Meldingen over misbruik bij sportclubs worden niet goed afgehandeld. De meeste zaken worden ‘informeel afgedaan’. Veel sporters durven uit angst hun mond niet open te doen. Ook wordt de politie bijna niet ingeschakeld omdat sportbestuurders bang zijn voor te veel ophef rond een melding. Er worden maar zelden echte sancties opgelegd. In de meeste gevallen blijft het bij een waarschuwing.
Dat blijkt uit onderzoek van Bureau Beke en de Vrije Universiteit van Amsterdam.
Sportkoepel NOC*NSF heeft het Vertrouwenspunt Sport opgezet en er zijn ook andere instrumenten die verenigingen kunnen gebruiken, maar in de praktijk gebeurt dat niet. Een genoemde reden is dat het onderwerp niet genoeg leeft en als ‘lastig’ wordt ervaren binnen de sportverenigingen. Men denkt soms dat misbruik niet bij de vereniging voorkomt en er rust een taboe op.
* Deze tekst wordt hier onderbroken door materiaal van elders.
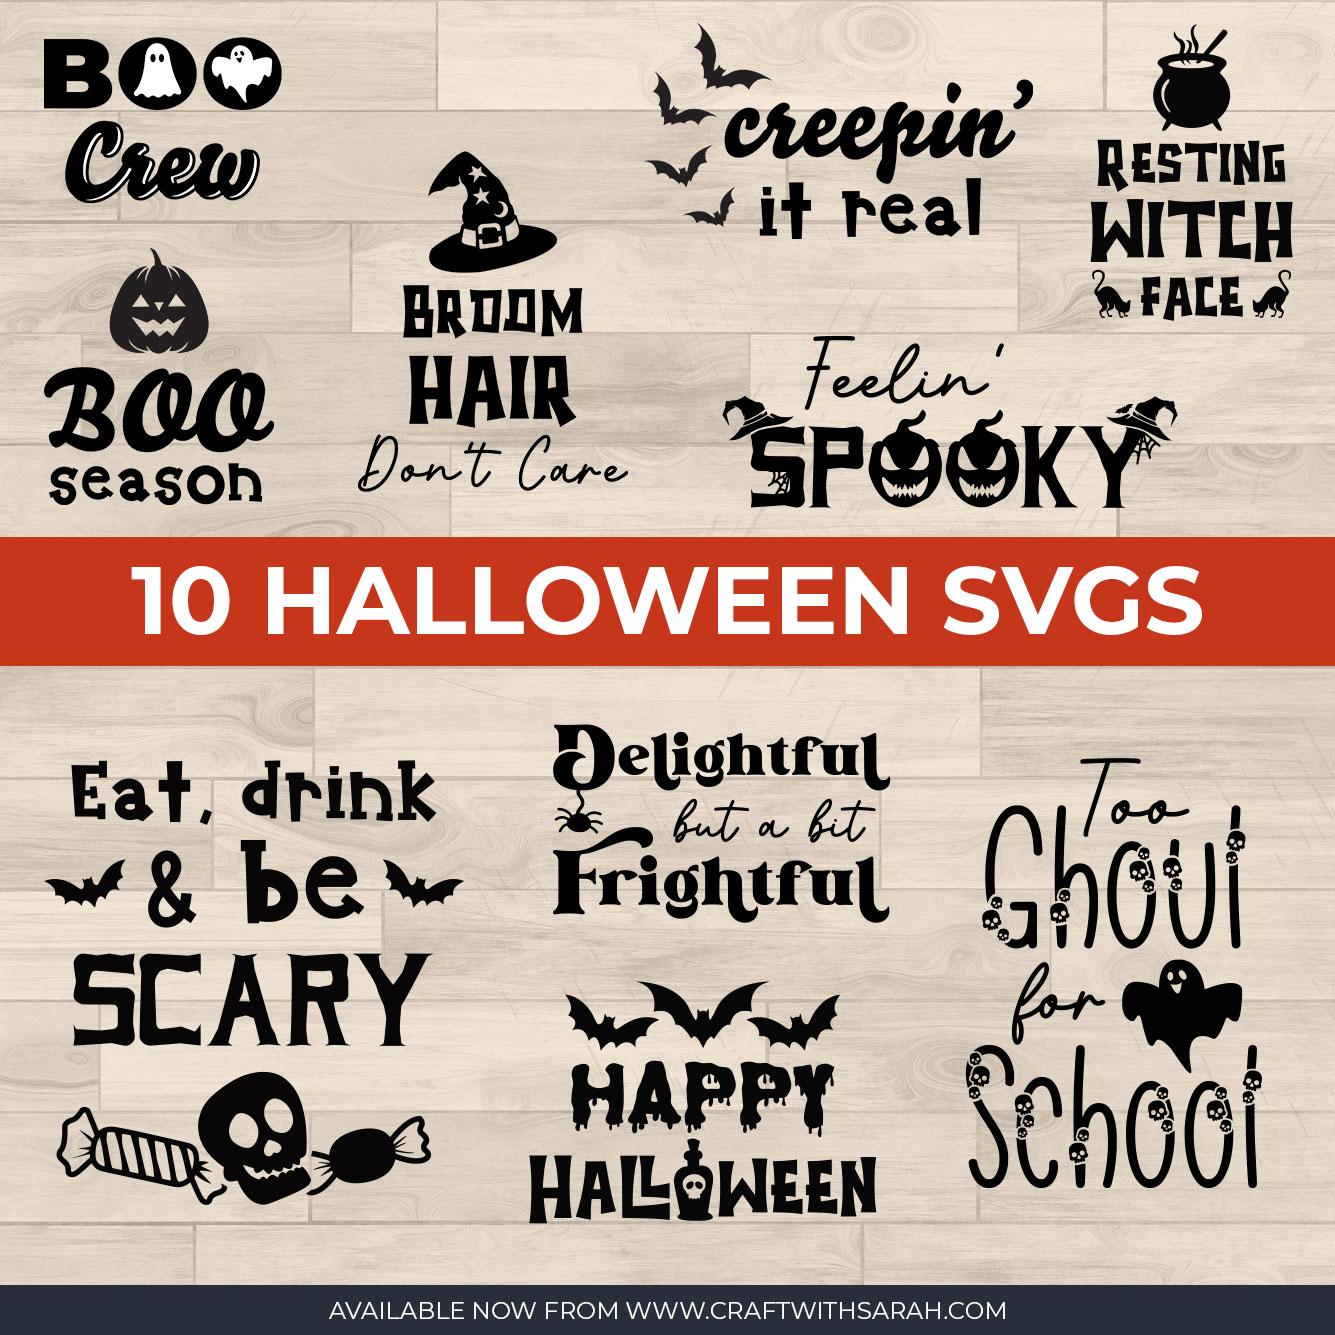 10 Cricut Vinyl Ideas for Halloween Crafts [HCC Day 18]

Volgens de onderzoekers moet er voor de sportverenigingen een handzaam stappenplan ontwikkeld worden waarin duidelijk wordt uitgelegd wat te doen bij welk soort misdragingen. In dat stappenplan moeten zowel de strafrechtelijke als tuchtrechtelijke mogelijkheden aan de orde te komen. Ook moet de betrokkenheid van de politie in de voorfase van een melding worden verbeterd.
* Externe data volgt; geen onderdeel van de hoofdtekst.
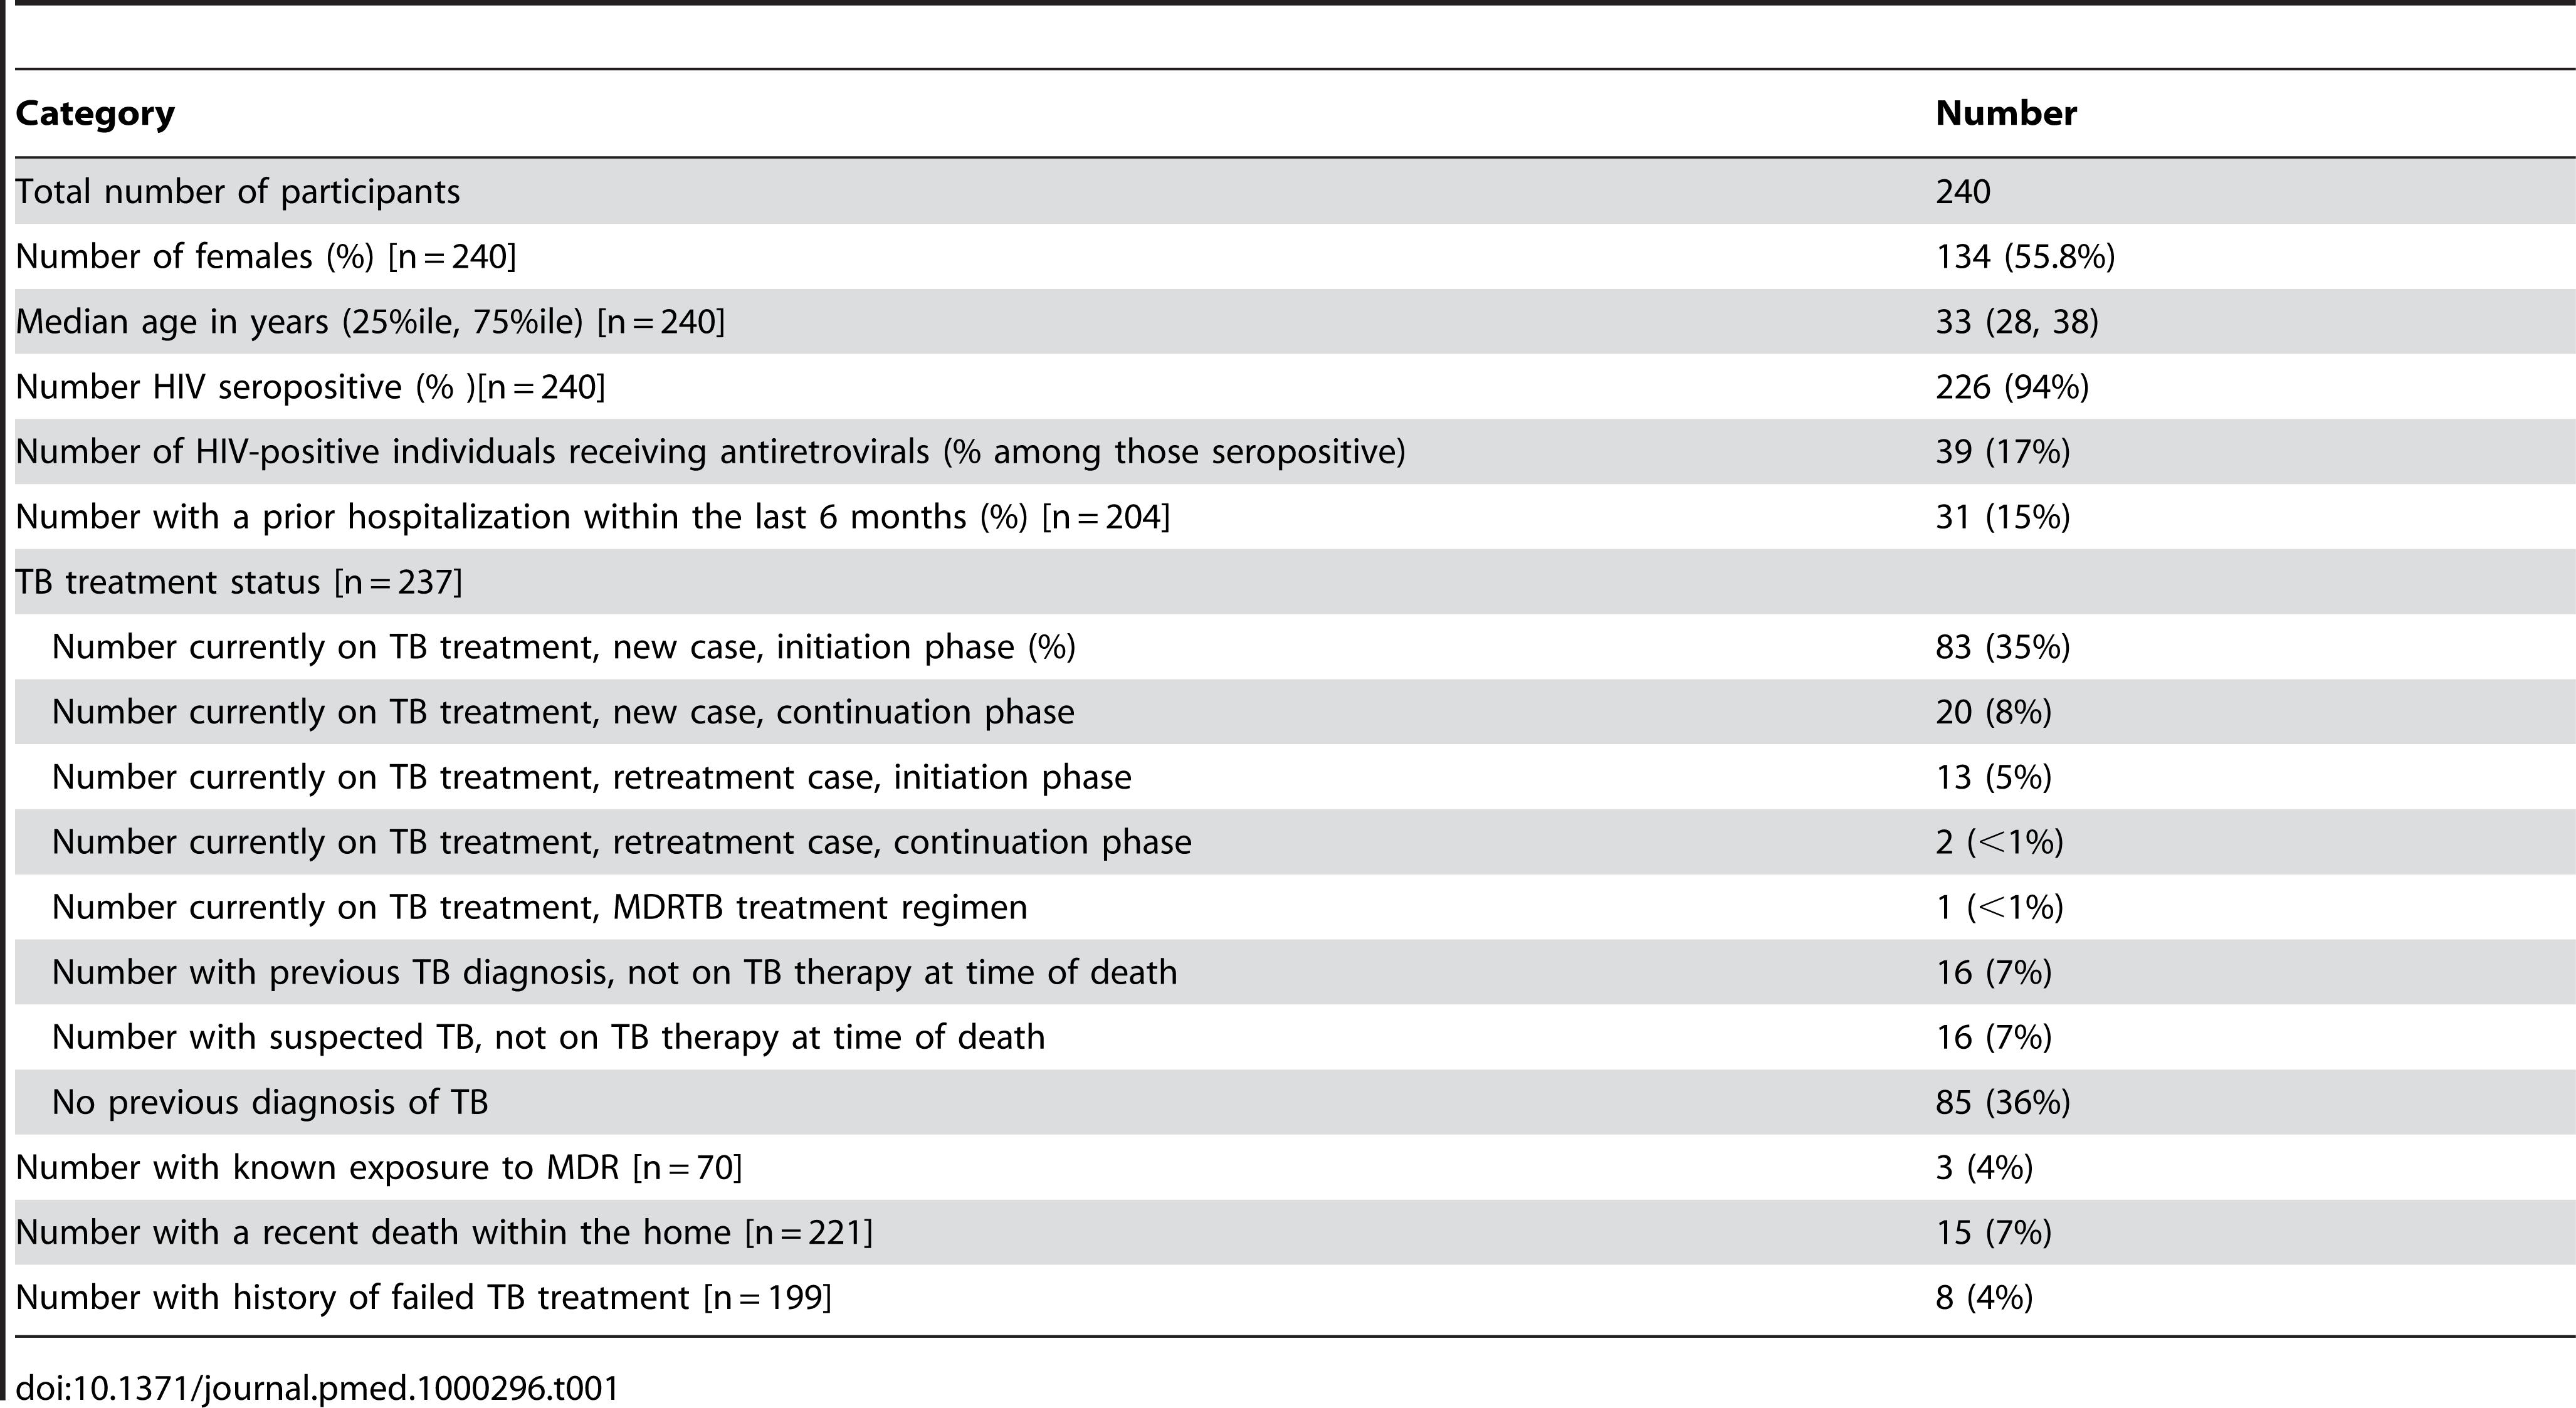 Study population characteristics.

NOC*NSF maakte vorig jaar december bekend een onderzoek te beginnen naar misbruik in de sport . Aanleiding waren gebeurtenissen in Engeland, waar meerdere oud-voetballers vertelden in hun jeugd seksueel te zijn misbruikt. In Nederland gaf onder anderen voormalig wielrenster Petra de Bruin aan dat haar dat ook is overkomen. Het onderzoek wordt geleid door oud-minister Klaas de Vries.